С того момента Рим перестал быть городом, народ которого имел тот же дух, тот же интерес, ту же любовь к свободе, то же почтение к Сенату. Народ Италии, став гражданами, принес туда свои нравы, свои отдельные интересы, свою зависимость от какого-нибудь соседнего покровителя. Город, раздираемый разделениями, больше не составлял целого; и поскольку подавляющее большинство граждан были таковыми лишь по своего рода фикции, не имели ни тех же магистратов, ни тех же стен, ни тех же храмов, ни тех же богов, ни тех же мест погребения, Рим больше не видели теми же глазами; нераздельная любовь к отечеству исчезла; Рима больше не было. Жителей целых провинций и городов привозили в столицу, чтобы подать свои голоса или заставить других подать их; народные собрания выродились в огромные заговоры, отряд или мятежная банда узурпировали священное имя комиций; власть народа, их законы, даже они сами стали простой химерой; и анархия дошла до такой точки, что стало невозможно сказать, издал ли народ постановление или нет. Писатели никогда не устают рассуждать о разделениях, которые погубили Рим; но они не видели, что эти разделения всегда существовали и всегда должны существовать в свободном сообществе. Только величие республики было причиной зла, превращая народные бунты в гражданские войны. Фракционность была неизбежна в Риме; его воины, такие свирепые, такие гордые, такие грозные за границей, не могли быть умеренными дома. Ожидать в свободном государстве людей, одновременно смелых на войне и робких в мире, — значит искать невозможного. Можно принять как твердый принцип, что везде, где вы видите всех спокойными в государстве, которое носит имя республики, свобода там давно угасла». — Гл. 9.

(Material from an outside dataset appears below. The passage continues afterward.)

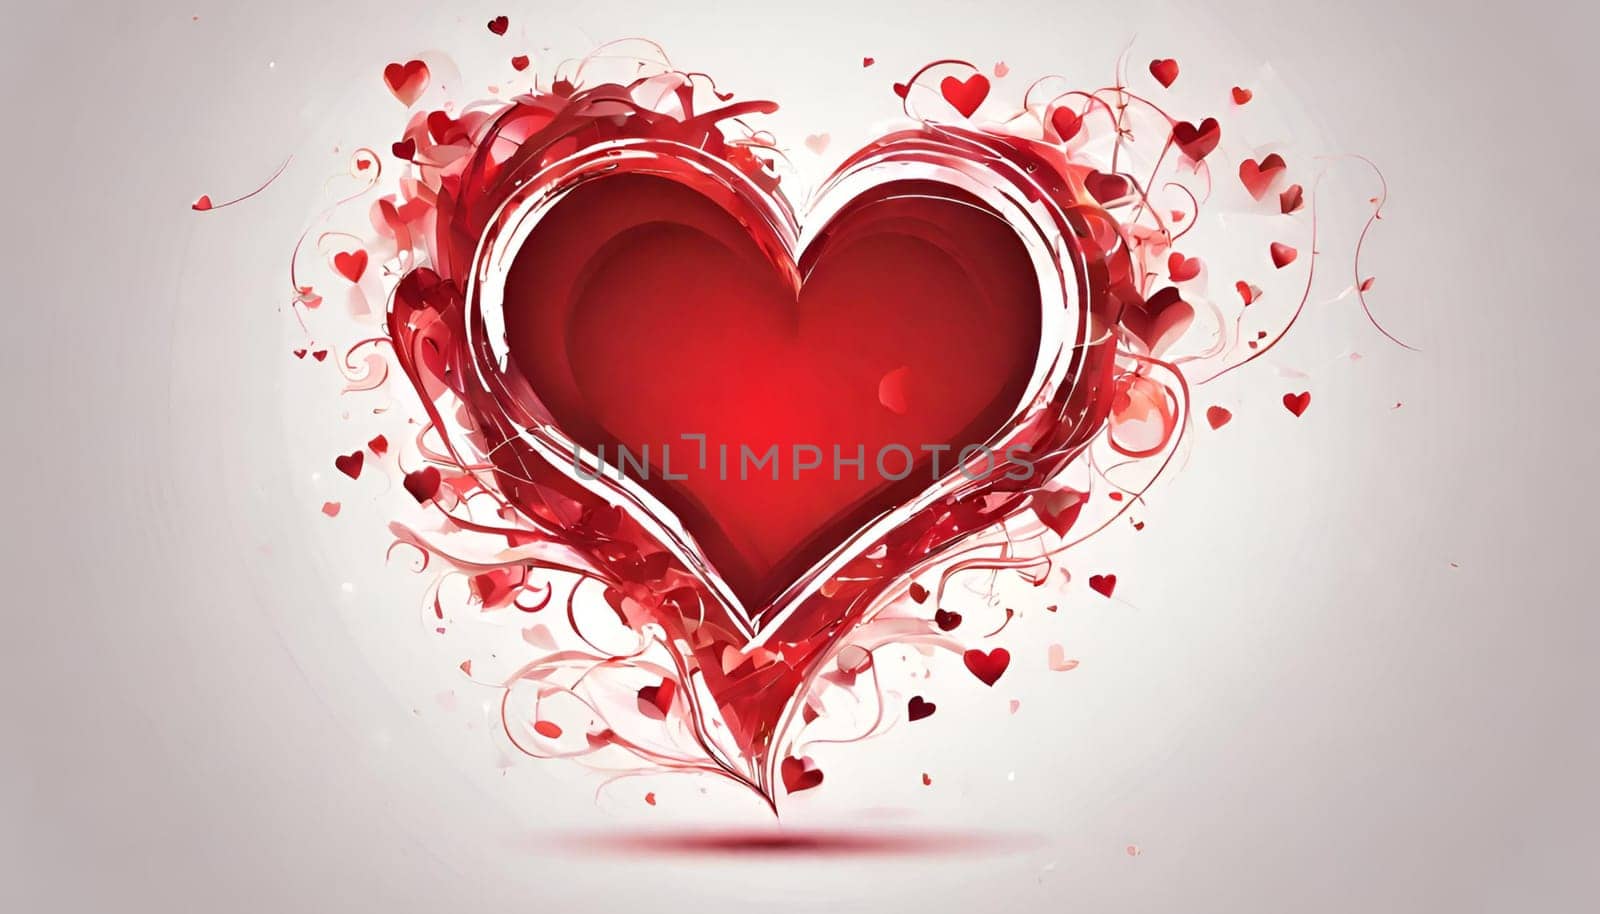 Valentine's Day - creative heart art, red valentines Day heart design.Happy Valentine's day by Designlab

Представительная система спасла Великобританию и Америку от этих ужасных народных комиций, в которых, как верно сказал Монтескье, толпы народа становились конвульсиями империи; и которые разорвали на части Польшу в наше время, как это было с Римом в древние времена. Но не существует ли реальное зло, несмотря на это освобождение от фактического бунта, в представительном правительстве великой империи, так же как и в бурных комициях переросшей свои границы республики? Это не просто раздор на улицах и пролитие крови в гражданской войне, как бы плохо это ни было, и как бы верно «bellum plusquam civile» не превосходило все другие в своем ужасе, — это не единственное зло. Разделение интересов, пренебрежение общими целями в борьбе за индивидуальное возвышение, тирания одного класса другим — вот что действительно растворяет национальные узы в любом широко распространенном и свободном сообществе. Мы видим, как этот источник раздора действует с такой же силой в разделенном представительстве великих народных государств, как и в кровавых столкновениях римского форума или на равнине Воло в Польше. Нуллификация Южной Каролины, ненавистный тариф Америки, яростные требования отмены унии в Ирландии, принесение в жертву сельскохозяйственных и производственных интересов коммерческим и денежным в Великобритании доказывают, что эти пороки находятся в полном действии среди нас самих, так же как и у наших потомков на другой стороне Атлантики. Существует смешение языков и отделение человечества от чрезмерного слияния интересов, так же как и индивидов. У Провидения есть верный способ наказать эгоизм и самонадеянность людей, которые стремятся построить Вавилон человеческой конструкции; и это — оставить их наедине с последствиями их собственного расточительства.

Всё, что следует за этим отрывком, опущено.